Il est resté absent deux longues années pendant lesquelles je l'ai attendu, trouvant refuge dans mes études. Je sortais peu, j'avais peu d'amis et je n'ai même pas connu d'aventures amoureuses. Je devais être patiente, Maxime reviendrait.

Il est rentré hier. Dès son arrivée, il est venu nous rendre visite à Paul et moi, chargé de cadeaux, comme lorsque nous étions plus jeunes. Il est resté le même. Nous l'avons écouté nous raconter son voyage, ses anecdotes, ses péripéties, l'assommant de questions. Il s'amusait de nous voir si curieux. Il avait l'air heureux. J'attendais un signe, un regard. Au moment de partir, il m'a glissé un petit papier dans la main : "Hôtel l'Ermitage, ch. 127, ce soir 21h". Je triomphais intérieurement, ma patience allait être récompensée. À l'heure dite, je suis allée au rendez-vous, sachant que je ne serai plus la même, que ma vie allait enfin prendre la tournure que j'avais pressentie, sept années auparavant.

Il est presque 7h ce matin. Il est étendu sur le lit et je vais le rejoindre d'ici peu. La nuit a été blanche. Nous avons parlé toute la nuit dans cette petite chambre où il est forcé de loger. Ses parents, tout comme moi, n'ont pas accepté l'aveu de son homosexualité. J'ai eu beau tenter par tous les moyens de lui faire reconnaitre la vérité, de lui faire comprendre qu'il se trompait, qu'il m'aimait moi, depuis longtemps, il n'a pas voulu m'entendre. Il n'a cessé de me répéter qu'il n'avait pas choisi, qu'il avait lutté, cherché des réponses, en vain. Il avait fini par s'accepter comme il était, je devais en faire de même. C'était impossible qu'il m'ait fait venir jusqu'ici pour me rejeter. Tous les sentiments refoulés depuis tant d'années ont débordé ce soir, violemment.
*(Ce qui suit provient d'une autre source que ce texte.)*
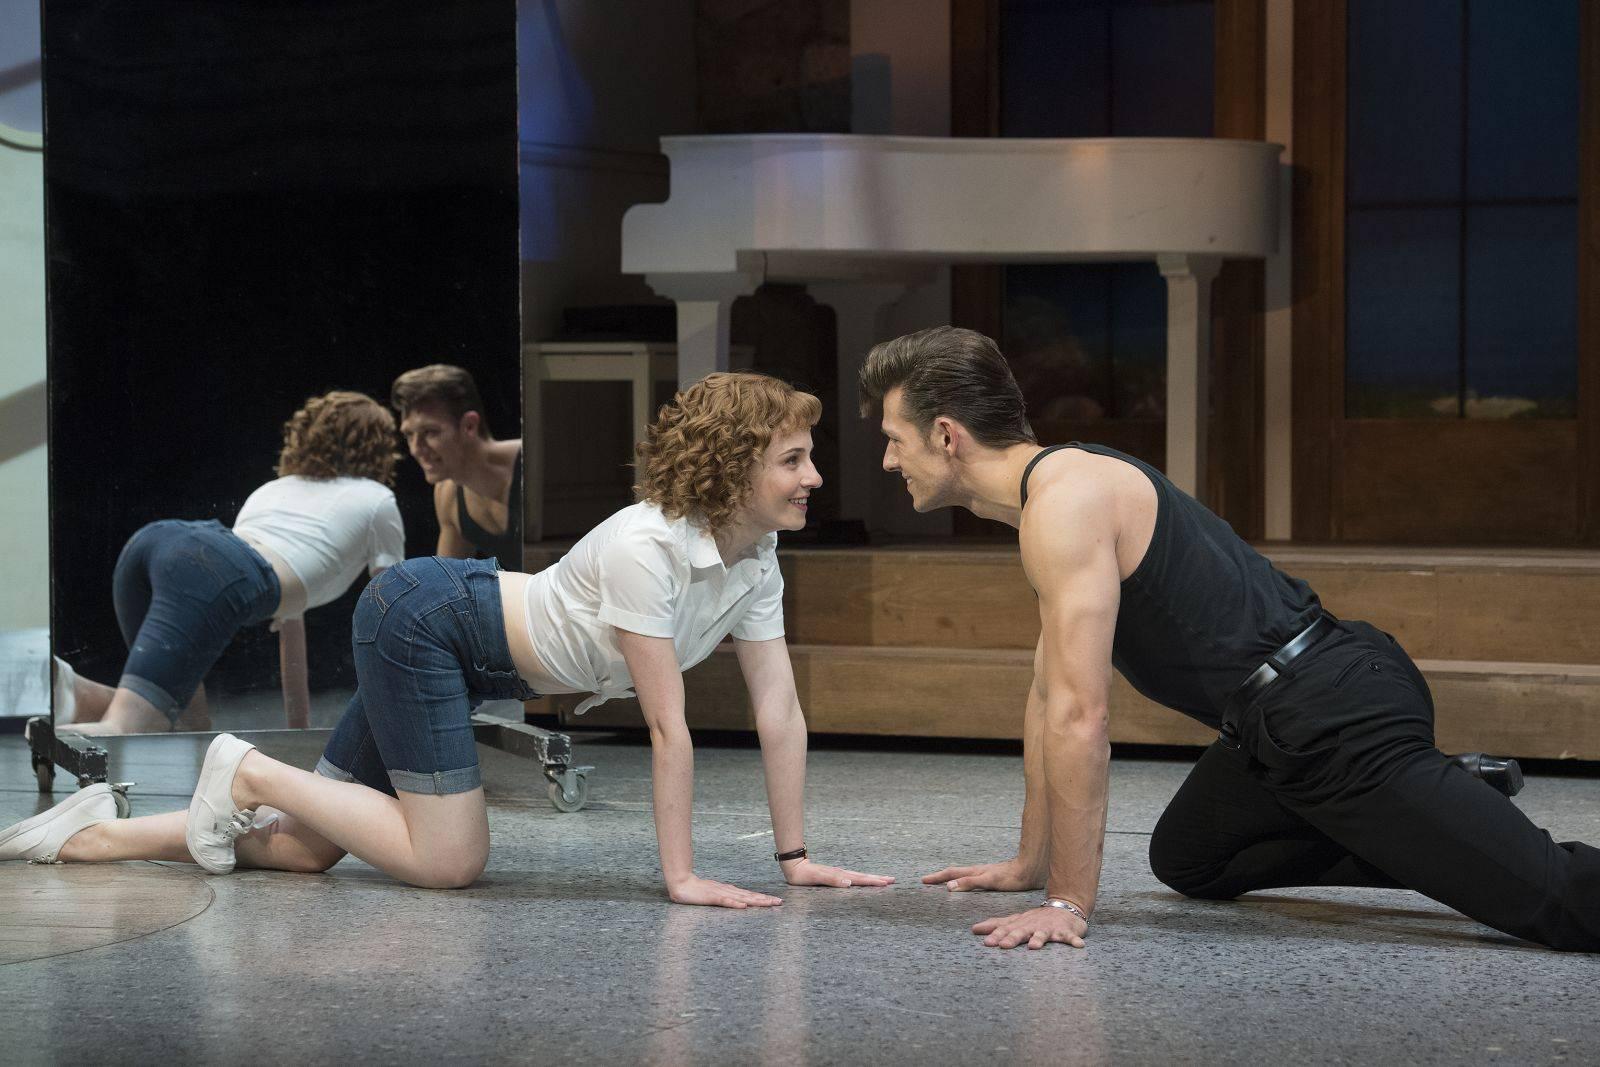 Obra de teatro Dirty Dancing. Fotografía de la web oficial de la obra.

Poussée par une haine viscérale, je me suis jetée sur lui et je l'ai frappé, tant que j'ai pu. Il a bien essayé de me maîtriser mais ma force, décuplée par ma rancœur a eu raison de lui. Il est tombé contre le rebord de la table. Le mince filet de sang qui a séché sur sa tempe ne lui a rien ôté de sa beauté. En fouillant dans son sac à dos, j'ai trouvé une photo de lui et d'un homme qui semble plus âgé. Je l'ai déchirée. Dans une petite pochette, se trouvaient des somnifères. Ils sont près de moi au moment où je vous écris. Dans quelques minutes, j'irai le retrouver, là où il est désormais.